Irina Overeem stemming the crux by the third bolt.
Description
A fun sport route with neat stemming.
Take the Treasure Wall approach and go about 30' up the hill, just right of a big pine tree next to the wall.
Climb the steep face, with crux stemming past the 3rd bolt. Continue up with more cool stemming moves. Traverse right to a little pine, then go straight up to the anchor on a good ledge.
The anchor is shared with Bobby's Back; you can TR that route after climbing this one.
Descent: Lower 60' back to the start.
We did the first ascent around 8:30 pm with just enough light to see; hence the name "Twilight Time".
Location
Take the Treasure Wall approach.

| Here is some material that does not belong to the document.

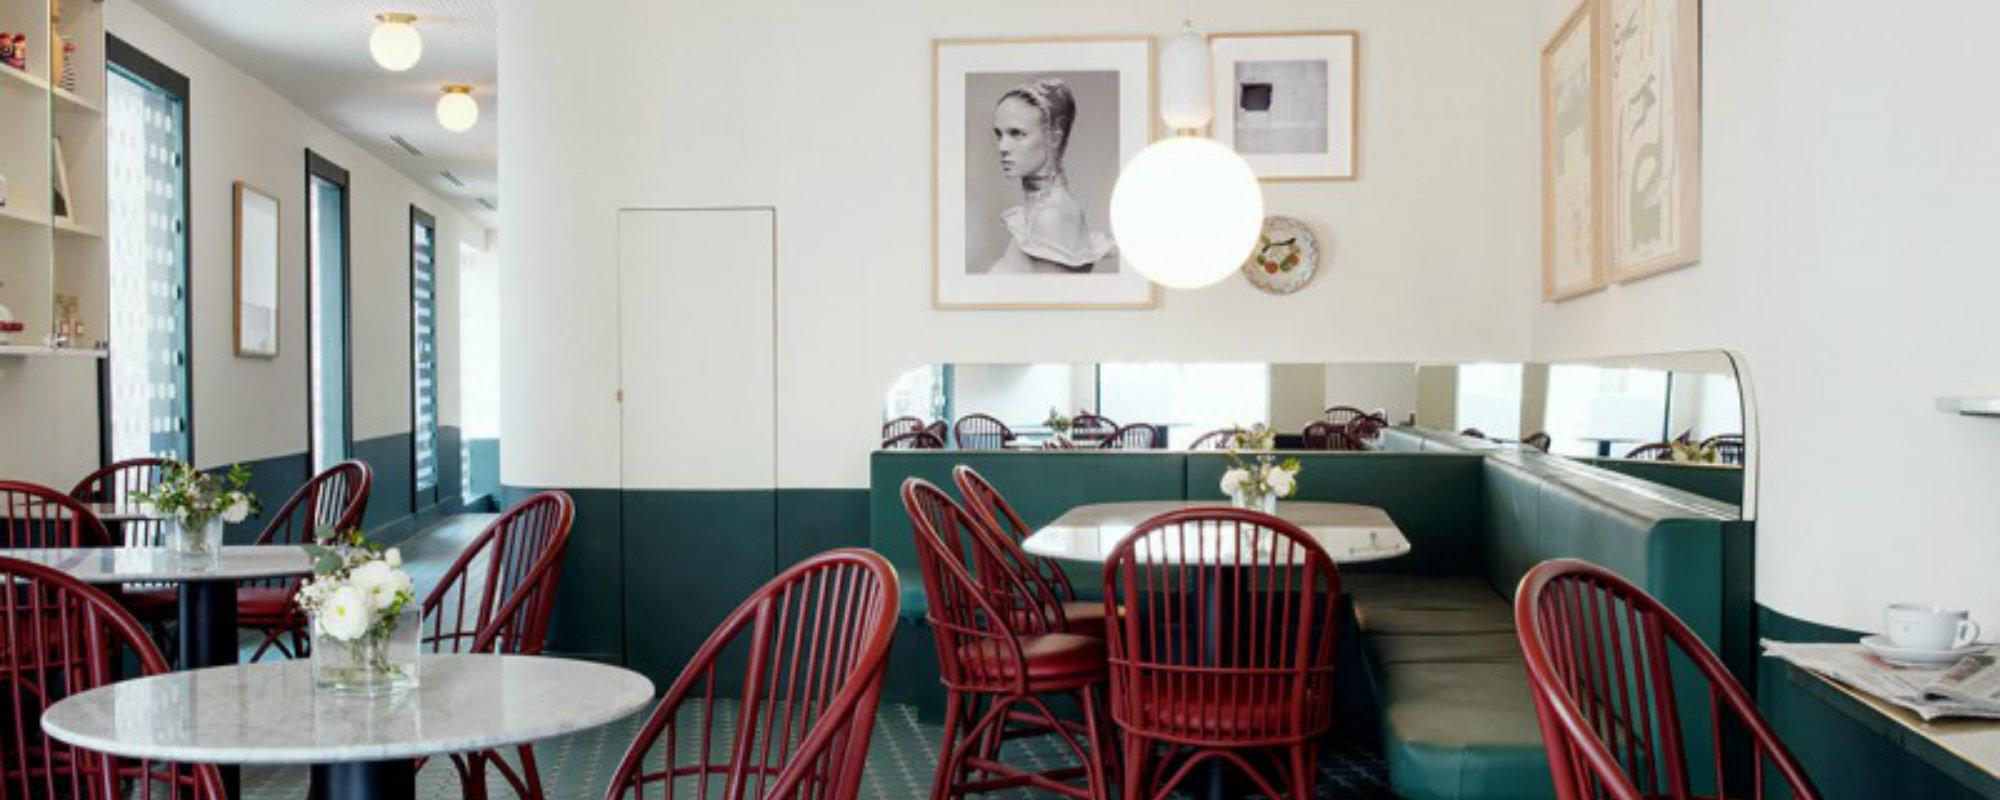 Jaime Hayon: Una historia especial de interiorismo elegante y lujuoso jaime hayon Jaime Hayon: Una historia especial de interiorismo elegante y lujuoso Featured 12

Go right and uphill about 30' to the start of the route, just right of a big pine tree next to the wall.
Nice route with cool moves...will only get better with more ascents and a few good rains.
Good job Ron.
By Ken Cangi From: Boulder, CO Sep 2, 2007 rating: 5.9
Fun route.
By djoseph From: Boulder, CO Sep 19, 2007 rating: 5.10a
Pleasant line. I believe (?) that in addition to the anchor, the last bolt is also shared with Bobby's Back. At least, I clipped it. Nice hooks for anchors!
By Tony Bubb From: Boulder, CO Sep 22, 2007 rating: 5.9+
I lead it on gear, cleaning the little cracks up as I went. It goes 5.9+ on gear, no real runouts if you have some brass or steel. If I'd had ball nuts I would have sewn it up tight. A majority of the route goes easily without bolts, some I had to tinker with, but it was all protected.